▶ **Dataset extract**
┄┄┄┄┄┄┄┄┄┄┄┄┄┄┄┄┄┄┄┄

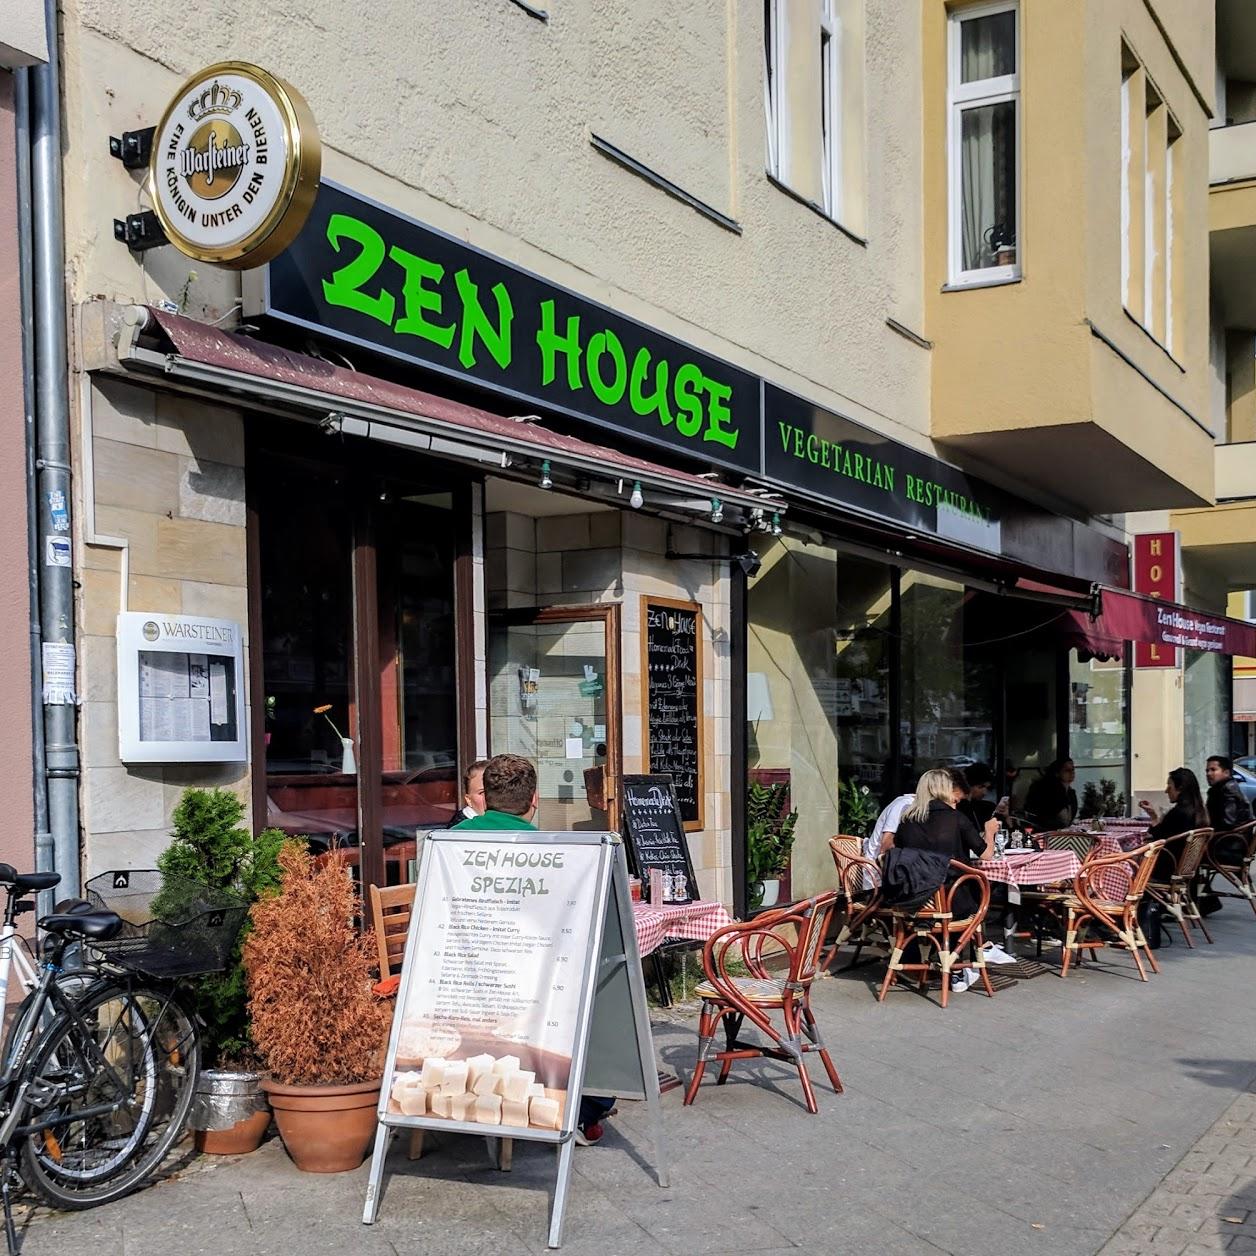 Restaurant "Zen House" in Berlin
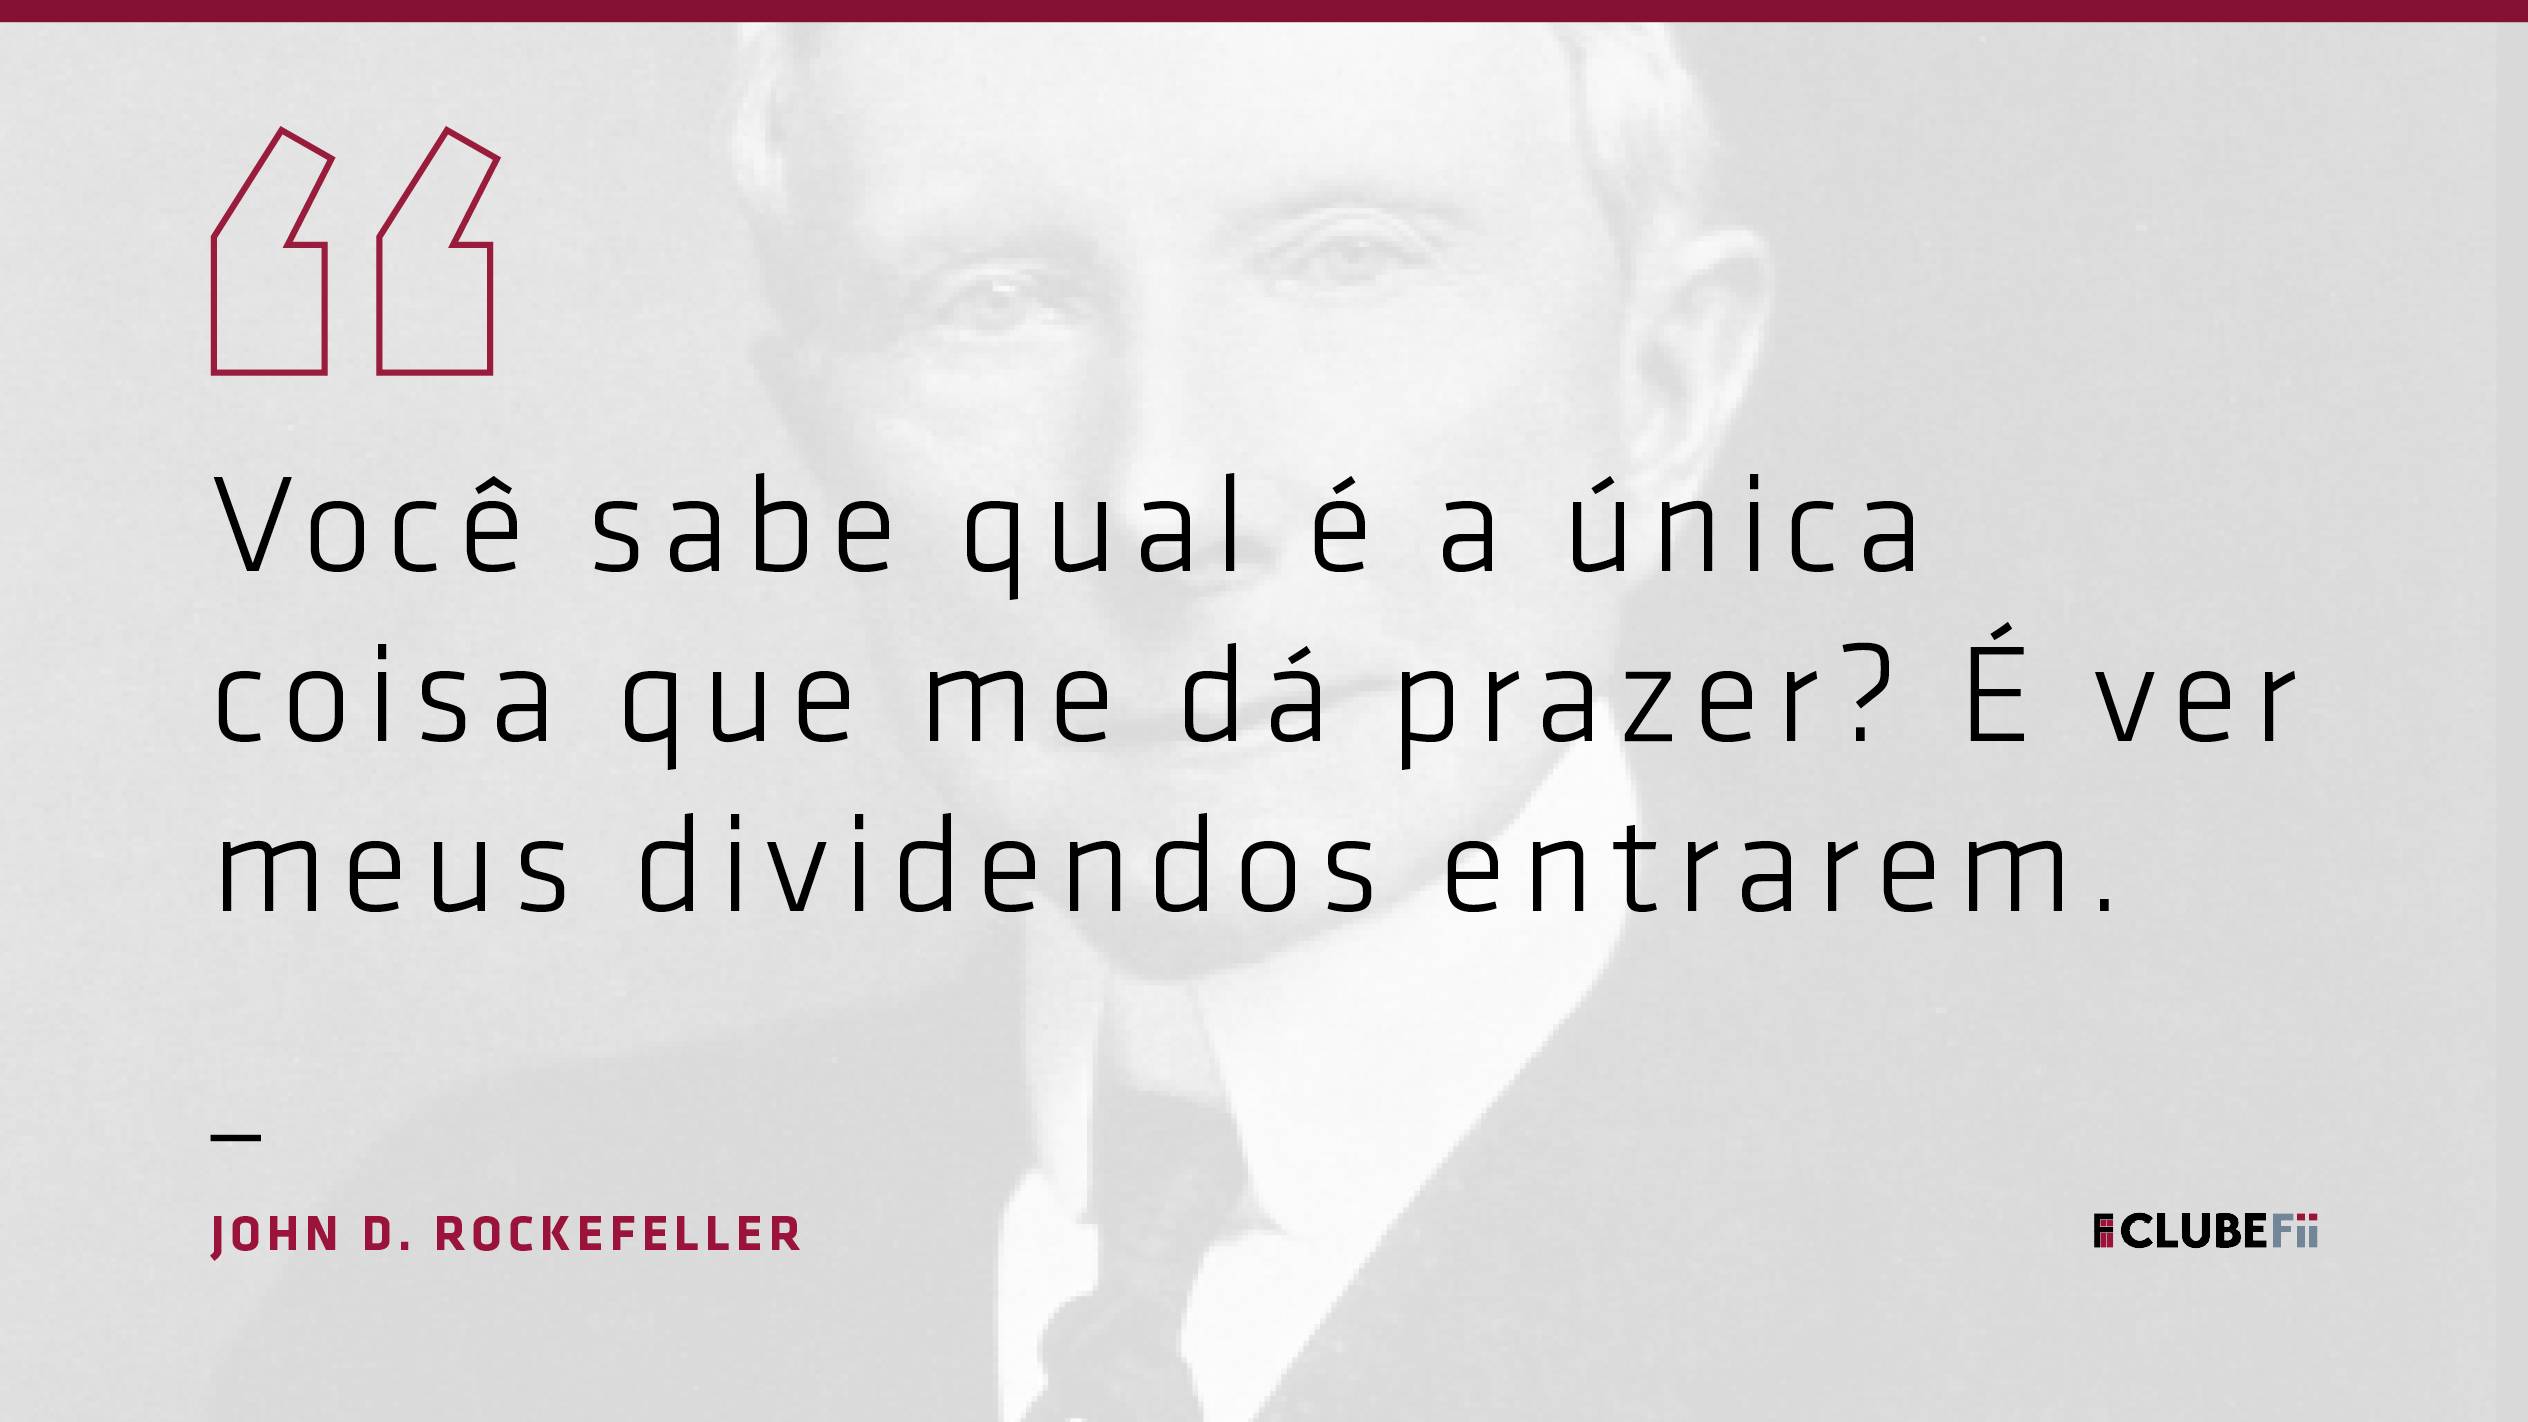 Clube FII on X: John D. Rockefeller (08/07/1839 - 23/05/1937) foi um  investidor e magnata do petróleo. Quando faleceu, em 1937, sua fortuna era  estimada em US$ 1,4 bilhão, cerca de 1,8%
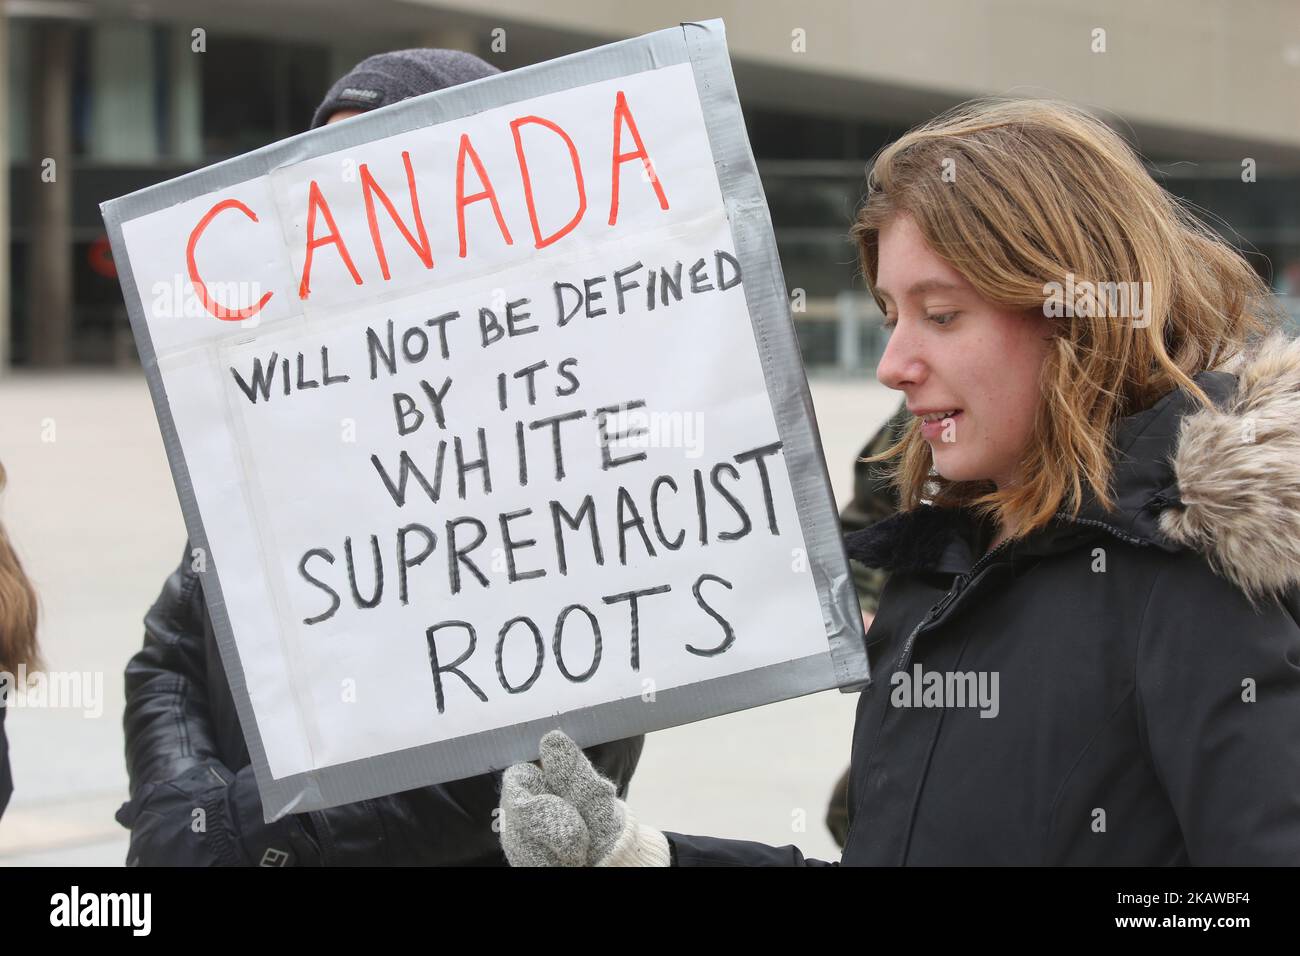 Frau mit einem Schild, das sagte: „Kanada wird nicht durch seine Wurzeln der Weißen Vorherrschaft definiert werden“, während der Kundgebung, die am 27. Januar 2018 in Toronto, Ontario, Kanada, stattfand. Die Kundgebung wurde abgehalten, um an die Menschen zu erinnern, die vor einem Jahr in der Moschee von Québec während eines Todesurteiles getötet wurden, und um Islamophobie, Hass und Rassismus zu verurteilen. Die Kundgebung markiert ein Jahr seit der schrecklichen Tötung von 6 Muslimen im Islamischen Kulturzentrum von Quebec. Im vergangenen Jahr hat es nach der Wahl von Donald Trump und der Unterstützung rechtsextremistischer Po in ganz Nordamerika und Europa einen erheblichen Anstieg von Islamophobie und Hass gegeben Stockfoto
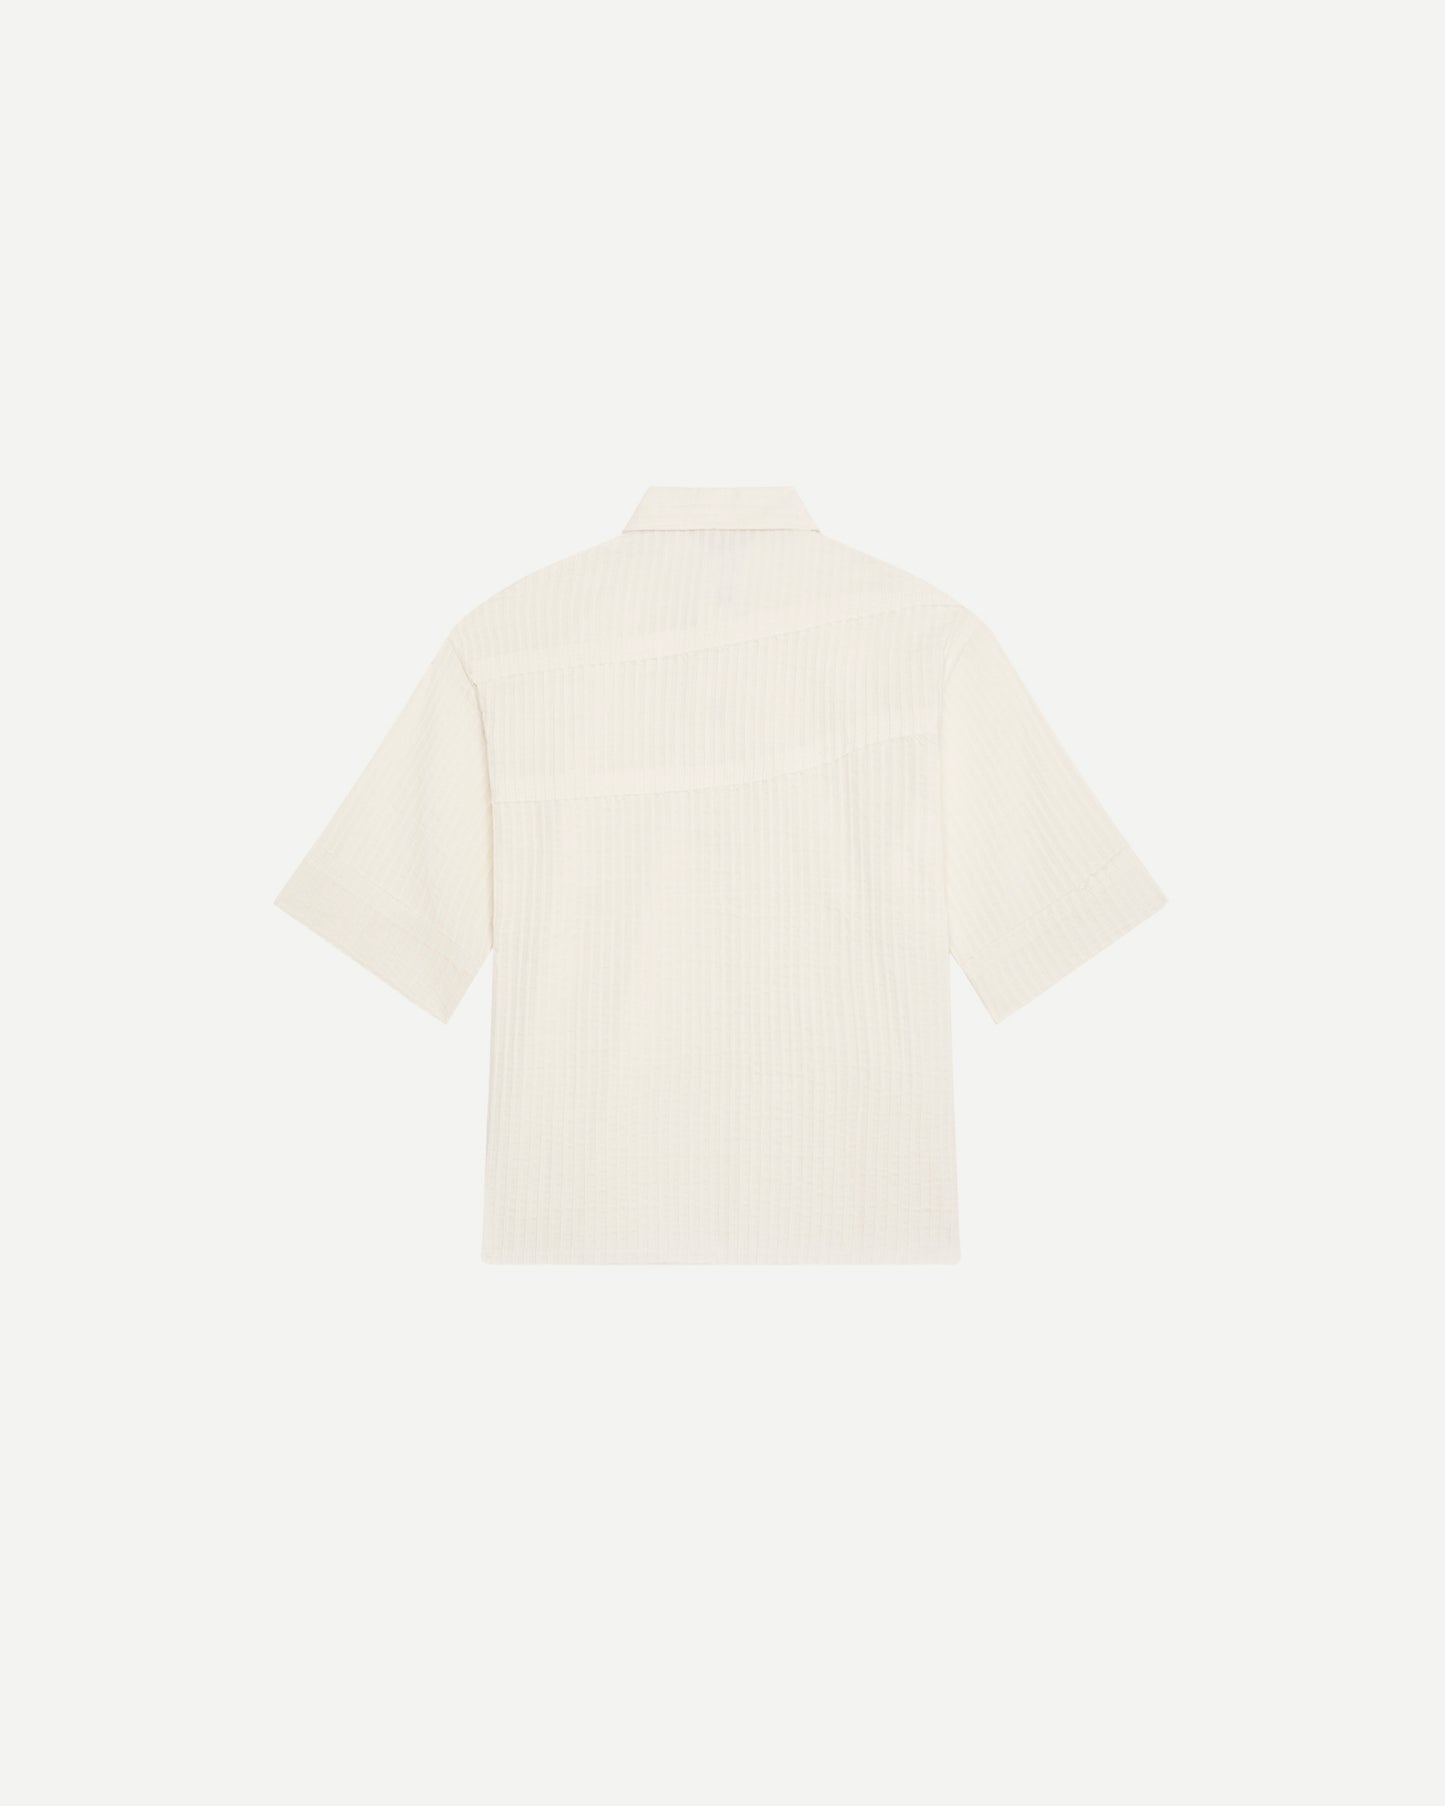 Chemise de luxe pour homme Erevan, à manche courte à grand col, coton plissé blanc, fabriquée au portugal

┄┄┄┄┄┄┄┄┄┄┄┄┄┄┄┄┄┄┄┄

▶ **Activity**
Please extract exactly the lines of the data, from the first through the line containing "Clube FII on", and add no pictures to the copy.

▶ **Solution**
 Restaurant "Zen House" in Berlin
 Clube FII on X: John D. Rockefeller (08/07/1839 - 23/05/1937) foi um  investidor e magnata do petróleo. Quando faleceu, em 1937, sua fortuna era  estimada em US$ 1,4 bilhão, cerca de 1,8%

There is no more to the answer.